А грешный родитель прошёл в комнату и в изнеможении рухнул на диван. Он чувствовал себя так скверно, что впору бы надрызгаться, да в доме ничего спиртного не было. «А надо бы иметь заначку», - отвлечённо подумал он, ощущая нарастающее чувство угнетающей вины за дочь, некрасивую и бесталанную, помыкаемую матерью-жандармом и отталкиваемую бесхребетным отцом. «Пожалел какой-то жалкой тысячи!» - упрекал он себя с запозданием, характерным для «вшивых интеллигентов», всегда готовых на любой компромисс, чтобы потом бить себя в грудь и каяться. Не облегчили гнусного душевного состояния и пришедшие на ум дурацкие литературные сентенции о том, что природа отдыхает на первых детях, и что зачатые без любви они всегда дебильны. А ещё он, судя по всему, наделил дочь наихудшими из своих качеств – ленью и безволием. Разве виновата она, что семя произросло на дурной почве? Надо деликатно помогать преодолевать жестокое горе, порождённое бесталанностью и неказистой внешностью, а не учить, походя, не научившись сам. «Когда придёт, обязательно попрошу прощения», - твёрдо решил он, - «и впредь отказа ни в чём не будет», - и тут же засомневался: «А если всё же решится перебраться сюда? С Валериком и Виталиком? Нет, мать не позволит», - успокоил себя, передав решение другому и успокоенный неожиданно заснул. Родители всегда оправдывают и прощают детей.

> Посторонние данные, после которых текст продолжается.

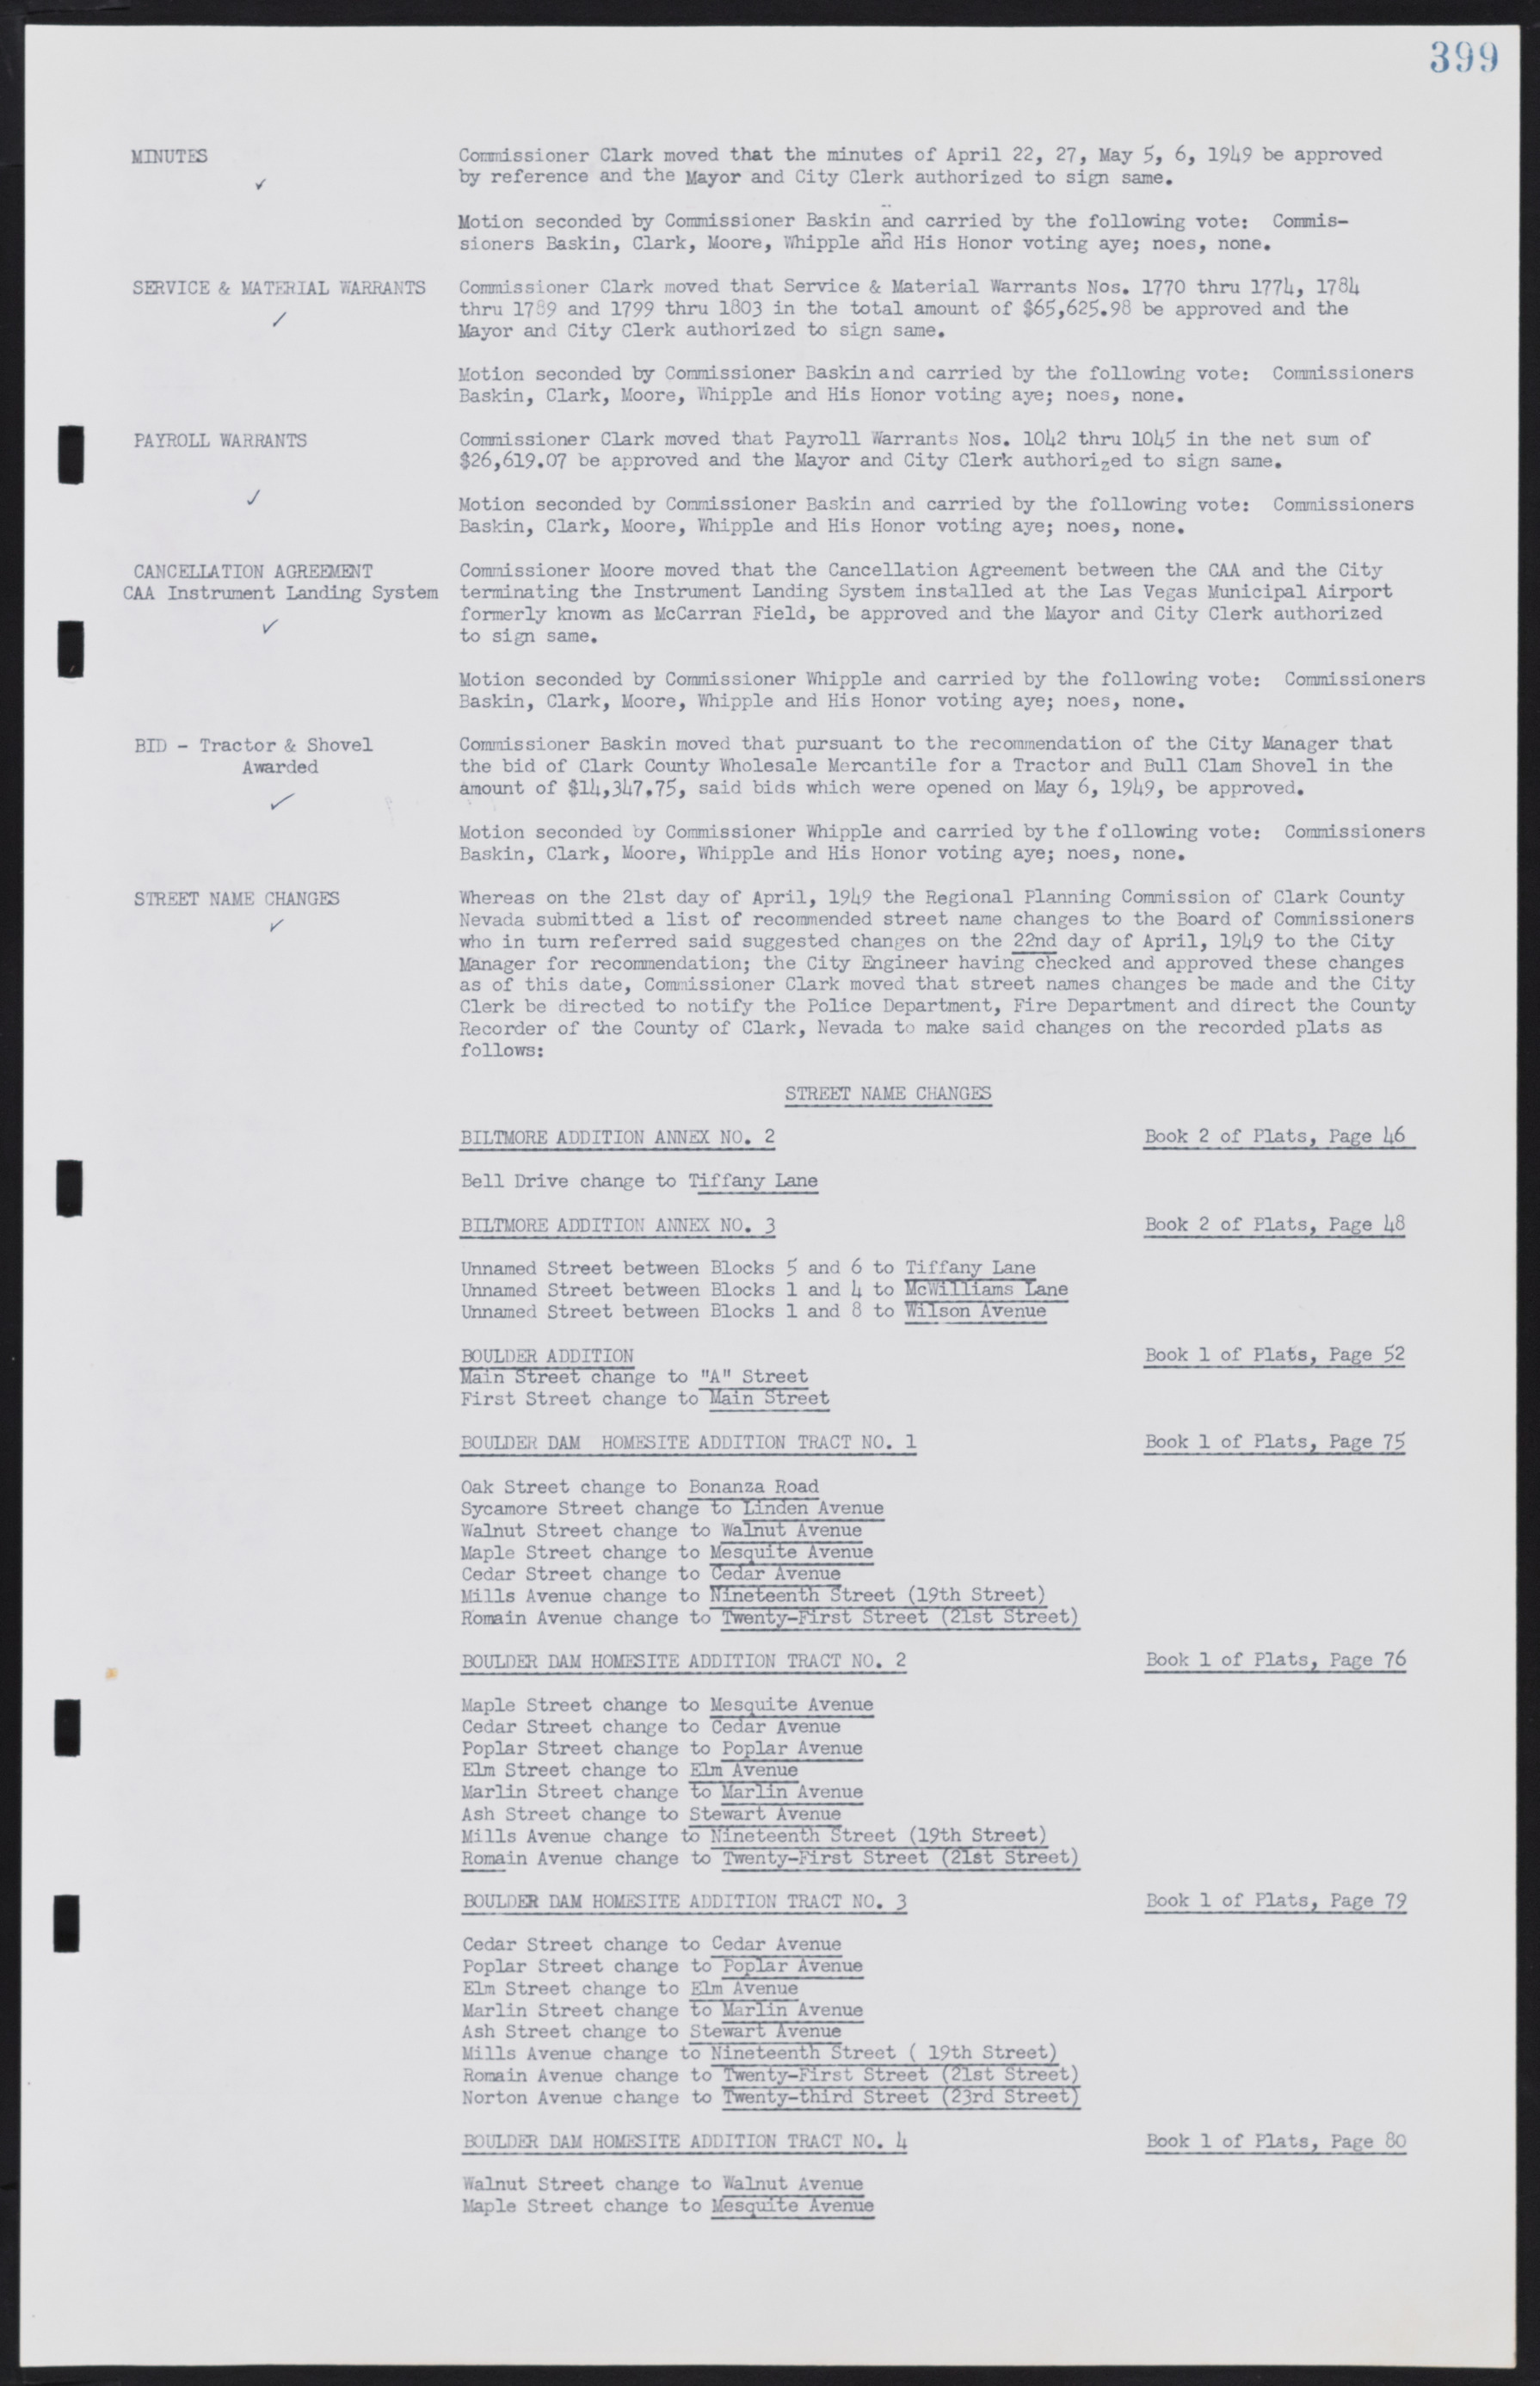 Las Vegas City Commission Minutes, January 7, 1947 to October 26, 1949, lvc000006-429

Проснулся от громкого бульканья и шипения, доносящегося из кухни. Резво подскочив, поспешил на помощь и успел-таки вовремя снять с электроплиты забытую кастрюльку с остатками воды, чуть прикрывавшей дно. Выглянул за дверь – Дарьки не было. Посидел у стола, вспоминая, как хорошо начался день, и как скверно он продолжается. Поразмышляв, опять наполнил ещё не остывшую кастрюльку водой и поставил греть. Снова выглянул за дверь – никого. Сварил три сардельки. Одну нацепил на вилку и без всякого удовольствия сжевал половину, не ощущая вкуса. Отложил на тарелку остаток вместе с вилкой. За дверью – пусто. «Вот негодник!» - подумал с досадой. – «Подумаешь, сбросили! Шуму больше, чем боли! Обидчивый какой нашёлся! Терпи! Жизнь – она, брат, порой преподносит и не такие болезненные сюрпризы», - мысленно поучал терпеливый исчезнувшего потерпевшего. – «Надо привыкать терпеть. Самому же во благо. Пойти, что ли, поискать?» - нетерпеливо подумал Иван Ильич. – «А ну как любительница собак пнула его на выходе?» - Поспешно оделся, в нетерпении толчком открыл дверь и увидел отскочившего Дарьку. Вернувшийся малыш отбежал к самому спуску и вяло помахивал обрубленным индикатором настроения, выжидающе глядя на хозяина улыбающимися глазами, в которых явственно читалось: «Не переживай, я тебя не виню!».

– Дарька! – не сдержав эмоционального всплеска, закричал Иван Ильич. – Друг ты мой сердечный! Пришёл, молодчина! Заходи! – и пошире распахнул дверь для малыша. – Заходи, не бойся – её нет!

Пёс, не торопясь, вошёл, словно сделал одолжение, и насторожённо остановился на пороге комнаты.

– Нет её, нет! – убеждал хозяин, оказавшийся плохим защитником. – Не бойся! Больше я тебя в обиду никому не дам, - пообещал почти клятвенно. – Больше она тебя и пальцем не тронет!

Дарька усиленно нюхал воздух, испорченный запахом вражины.

– Это твой дом, - заливался щедрый хозяин, - и мой, - поправился тут же. – Наш, - уточнил окончательно. – И только мы в нём хозяева. Есть хочешь?

Дарька вопросительно посмотрел, услышав вкусное слово, и важно прошёл в кухню. А Иван Ильич, торопясь, разрезал две с половиной сардельки на кусочки и, положив в псовую посудину, примиренчески подвинул малышу. Тот степенно обнюхал и, не торопясь, принялся примиренчески заглатывать кусок за куском, почти не разжёвывая. Иван Ильич как хорошая хозяйка с удовольствием смотрел, улыбался, и ему тоже захотелось чего-нибудь пожевать. Но он выждал, пока Дарька всё съест, вылижет тарелку, проверит, не завалился ли какой-нибудь кусок под неё, оближет нос и усы и, вздохнув, отойдёт и уляжется на облюбованном пороге, положив морду на передние мохнатые лапы и наблюдая за хозяином. А тот, прощёный, под неотступным взглядом простившего удовлетворился, почему-то стыдясь, куском хлеба с маслом и остывшим чаем.